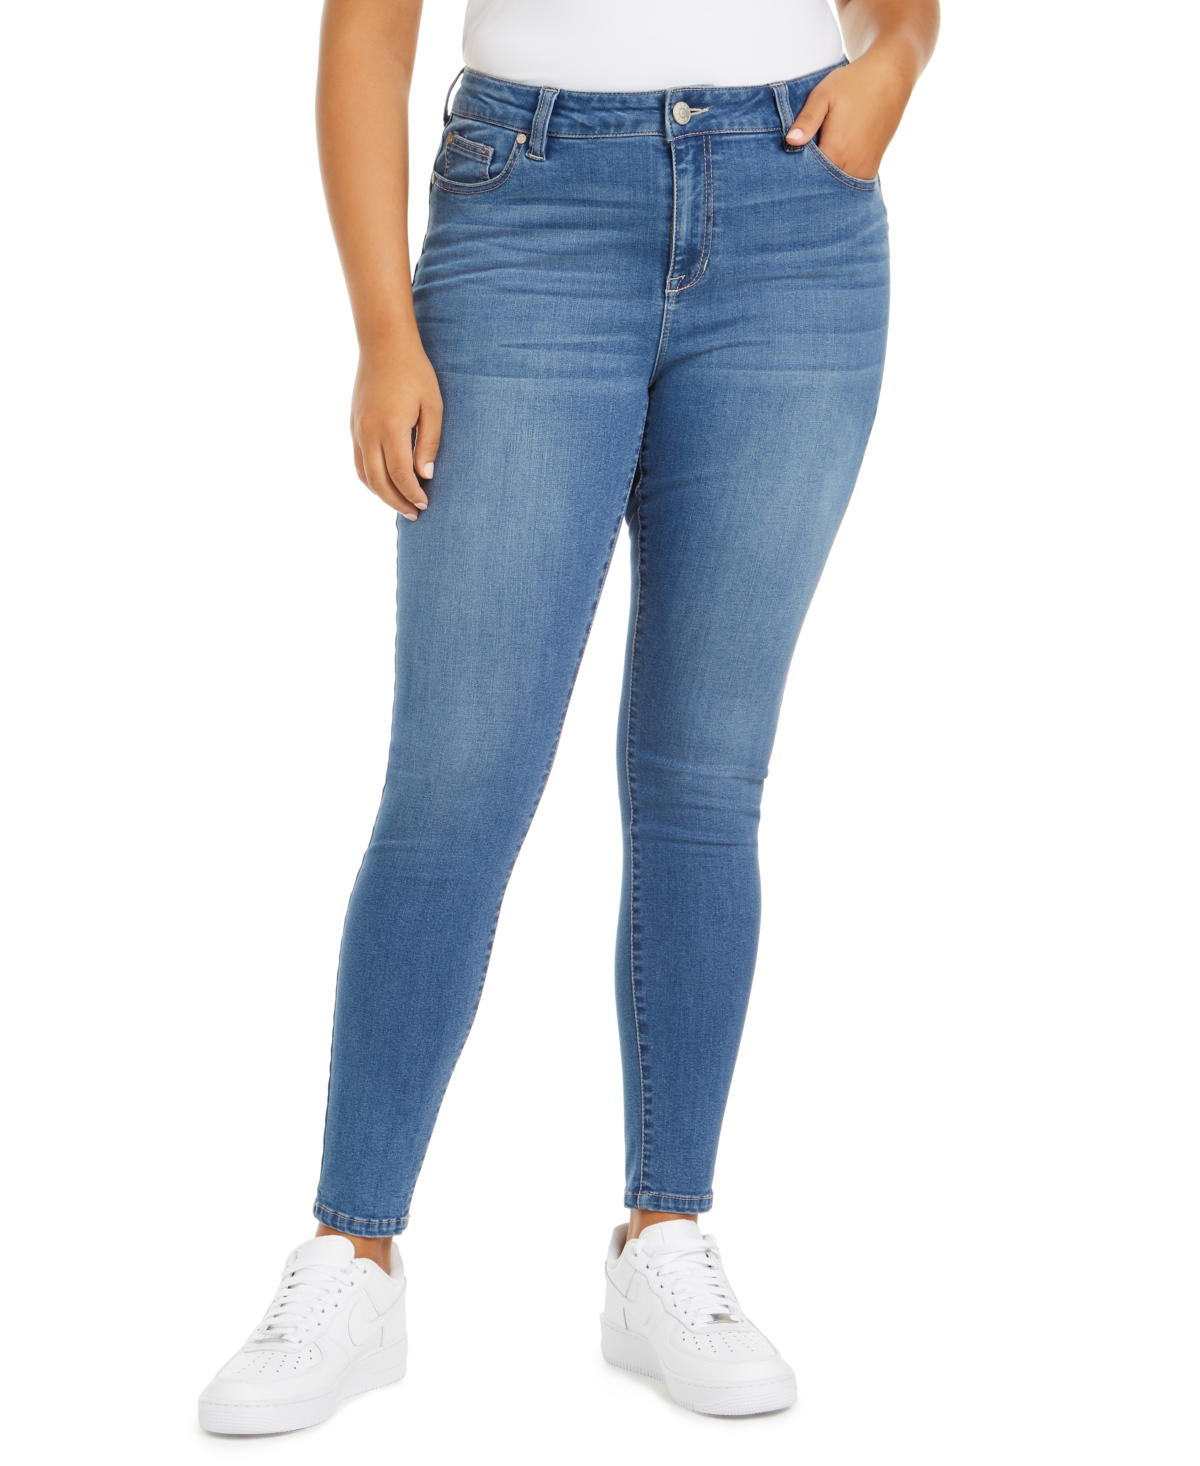 Shop Celebrity Pink Trendy Plus Size Sculpted Skinny Jeans In Amaze
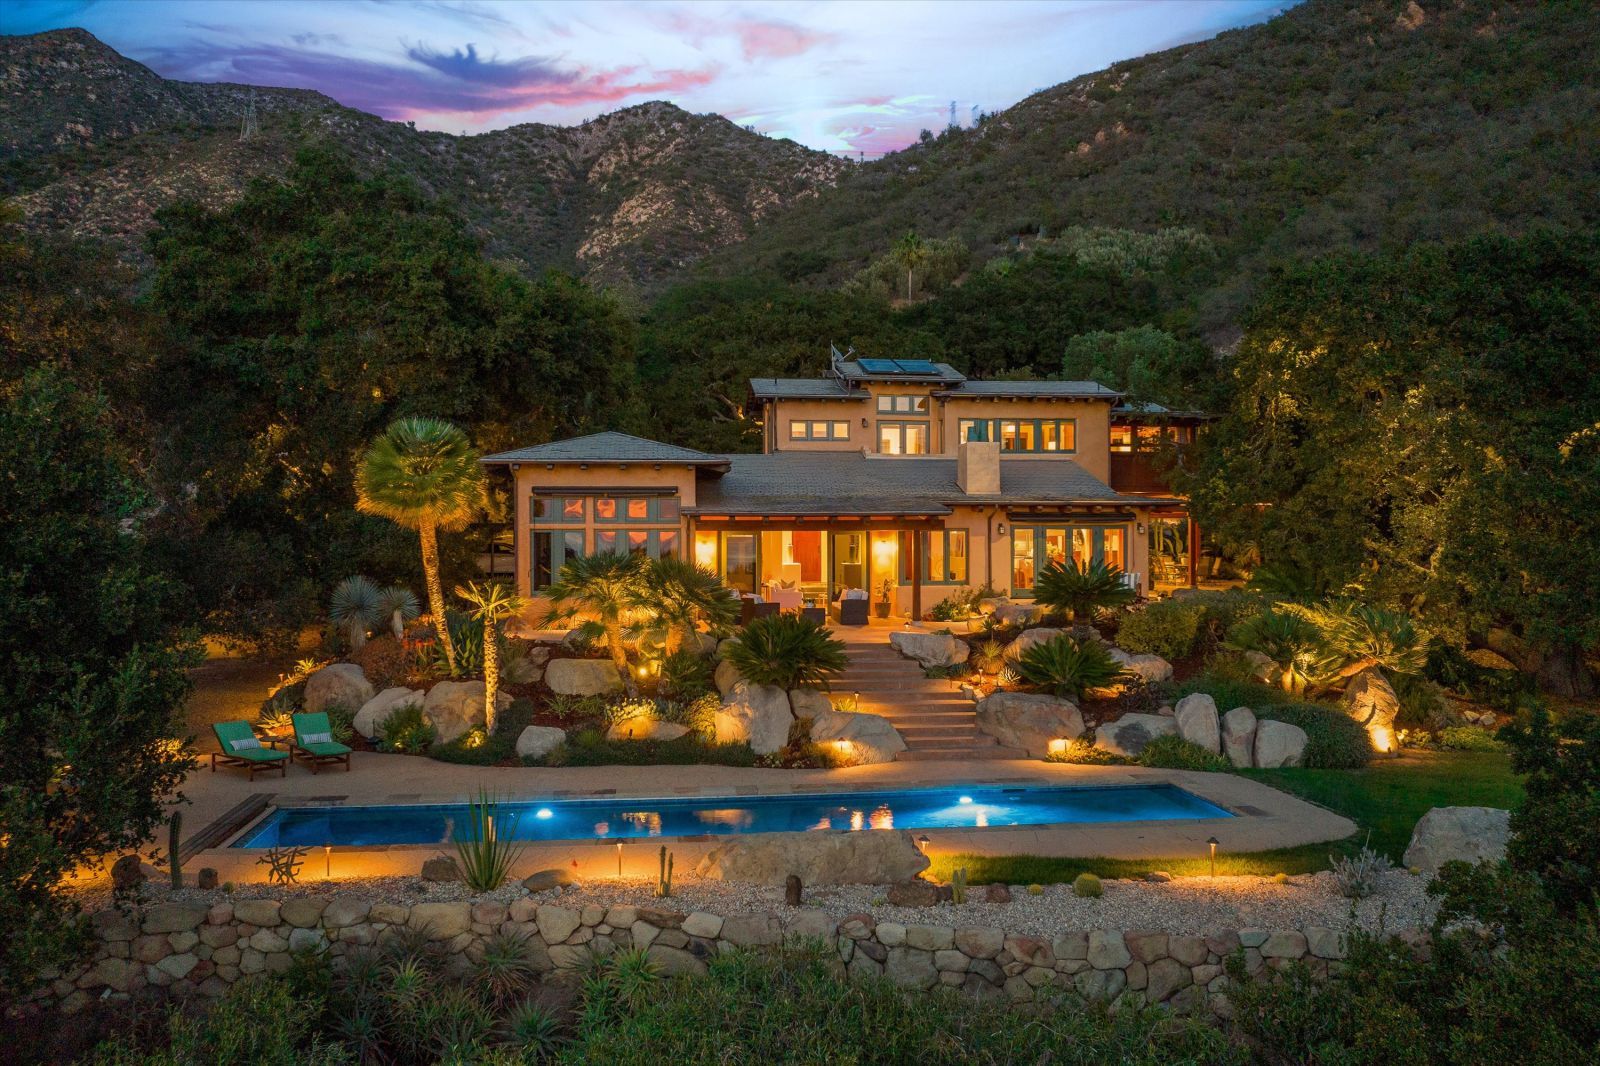 A luxury Montecito home all lit up at dusk and framed by majestic mountains with a pink, purple and blue sunset in the distance and a shimmering pool in the backyard.
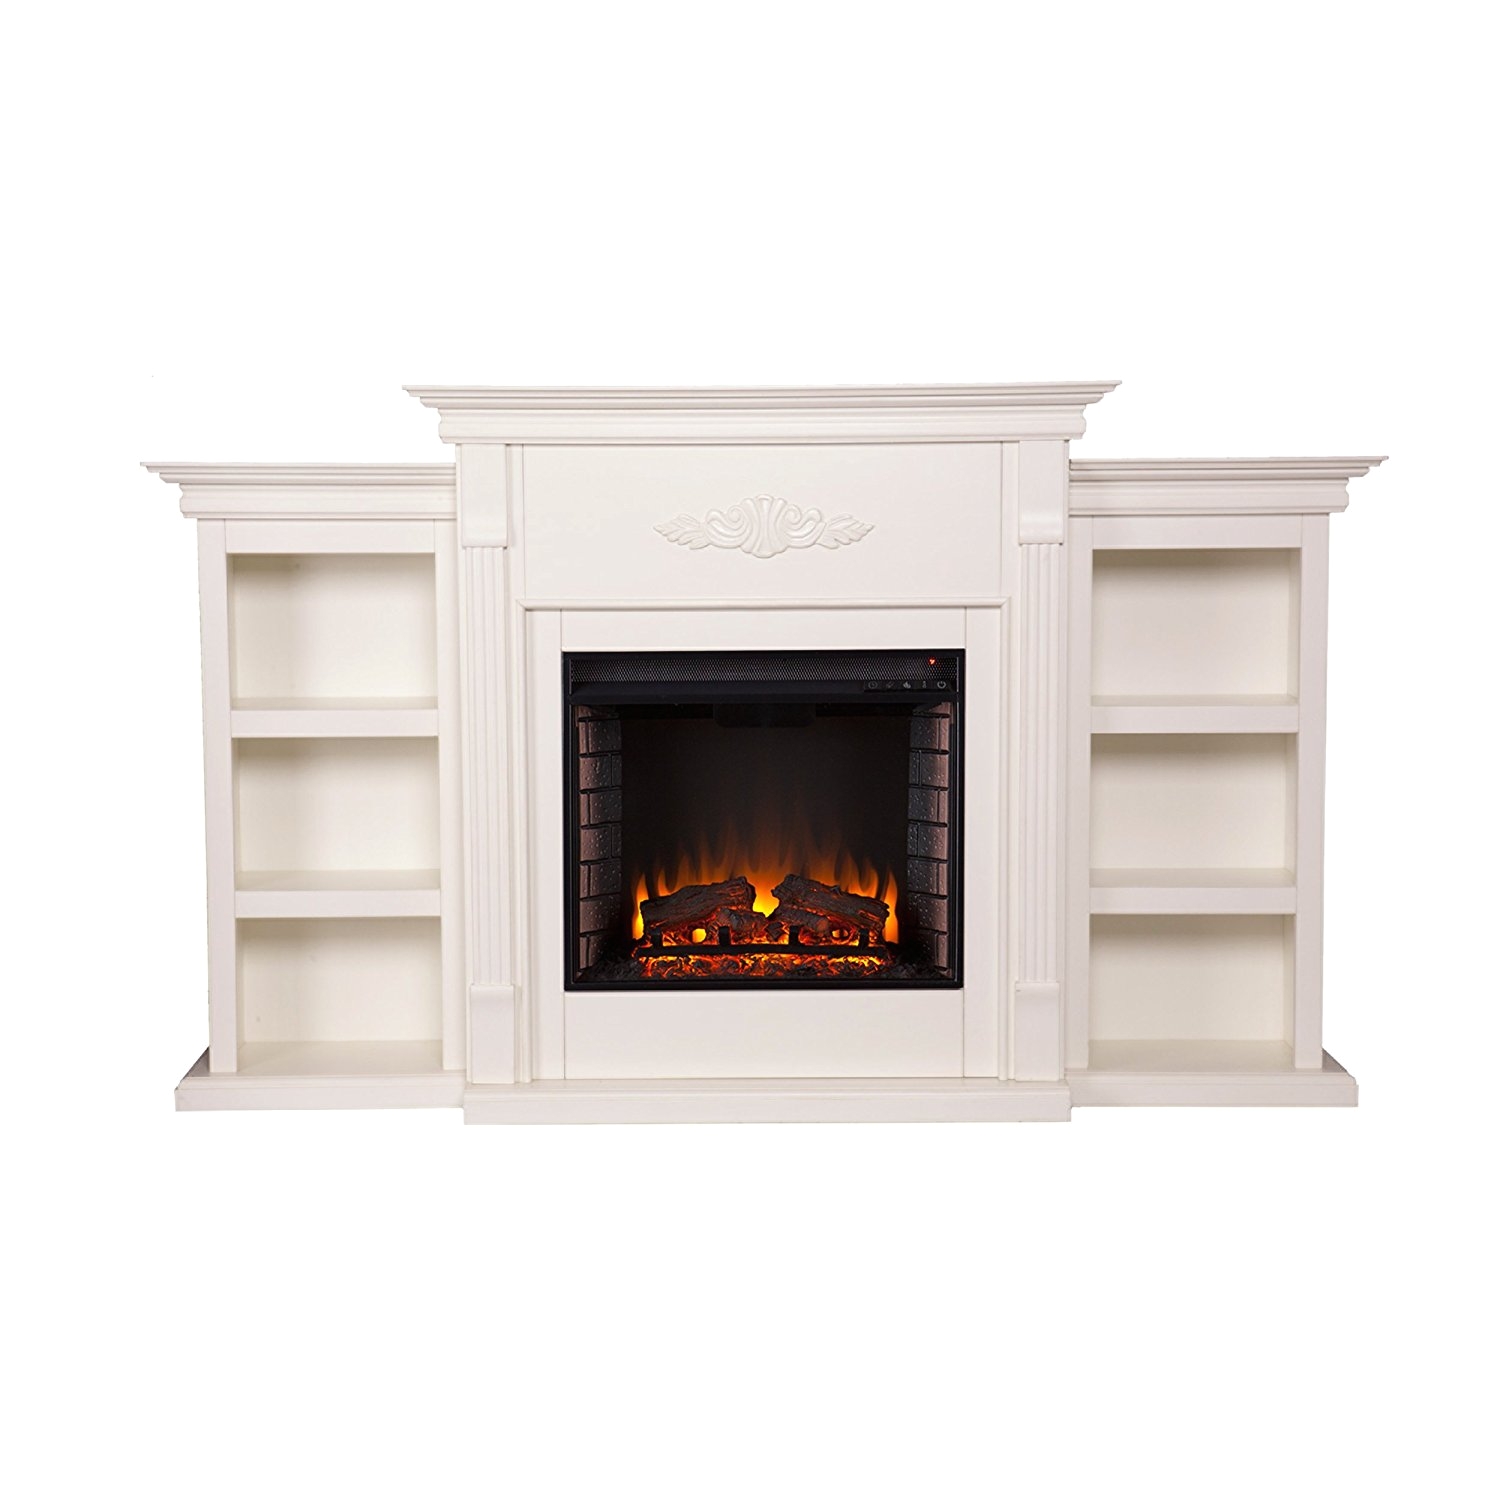 amazon com southern enterprises tennyson electric fireplace with bookcase ivory finish kitchen dining

****************

Reproduce the lines of the data that run from the one containing "A luxury Montecito" to the final line, both included, exactly as they appear and without the pictures.

■ Response for this exercise
 A luxury Montecito home all lit up at dusk and framed by majestic mountains with a pink, purple and blue sunset in the distance and a shimmering pool in the backyard.
 amazon com southern enterprises tennyson electric fireplace with bookcase ivory finish kitchen dining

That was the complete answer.